The foam used in a commercial car wash like The Wash Tub is more effective and efficient at cleaning your car of its build-up of dirt, dust and grime. This is because it contains special ingredients and uses special technology that make it better at the job.
The Components of Foam
There are four essential components in a car wash foam. First, the surfactants are substances that make the foam create its characteristic sudsy, foamy appearance. These are also essential in removing the dirt, dust and grime by making their molecules looser, in a manner of speaking.
Surfactants are also used in home soaps and detergents for the same reason. But the type of surfactants used in car wash foam are different, as well as used in different quantities.
Second, the foam also requires water to dilute the products as well as carry the surfactants. The amount of water used in combination with the foam depends on its type but most use only a small amount of water.

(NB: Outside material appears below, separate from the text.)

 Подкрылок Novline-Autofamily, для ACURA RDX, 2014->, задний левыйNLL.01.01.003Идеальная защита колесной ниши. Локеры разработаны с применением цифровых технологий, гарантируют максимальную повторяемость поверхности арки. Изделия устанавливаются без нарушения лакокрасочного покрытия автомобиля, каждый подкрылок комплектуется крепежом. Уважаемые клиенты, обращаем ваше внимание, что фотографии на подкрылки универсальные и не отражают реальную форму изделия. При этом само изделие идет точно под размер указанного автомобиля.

Third, there should also be air in the foam. Air is necessary for propelling the surfactant and water through the agitation process. Think of it this way: When you want to make bubbles through a bubble maker, you have to blow on the bubble maker – and that’s air.
Fourth, agitation must also be introduced into the mixture to create the foam. In a commercial car wash, it may come via plastic scrubs in a foam chamber although many car washes also use new-tech foamers.
When these four components are mixed, the foam will do a better job of cleaning vehicles of their months of grime, even underneath their bodies.
The Right Size Matters, Too
But it isn’t just getting the right mix that matters in foam. There’s also the matter of the size of the foam when used in different stages of the process.
Smaller and tighter bubbles are usually applied during the pre-soak because these can penetrate the smaller areas of the vehicle being washed. These bubbles are typically created by using an orifice-type nozzle, such as a K-foam nozzle, which allows for fast and easy coverage of the vehicle’s front and back areas.
Larger, looser and dryer bubbles are best for lubrication, generally after a pre-soak, because of their high foaming property. The build-up of grime over a larger area can then be effectively removed.
The lesson for customers: Ask the car wash employee about the type of foam washed and its effects on your car, especially on the paint. You want foam that will make your car’s exterior as clean as possible without damaging the pain job.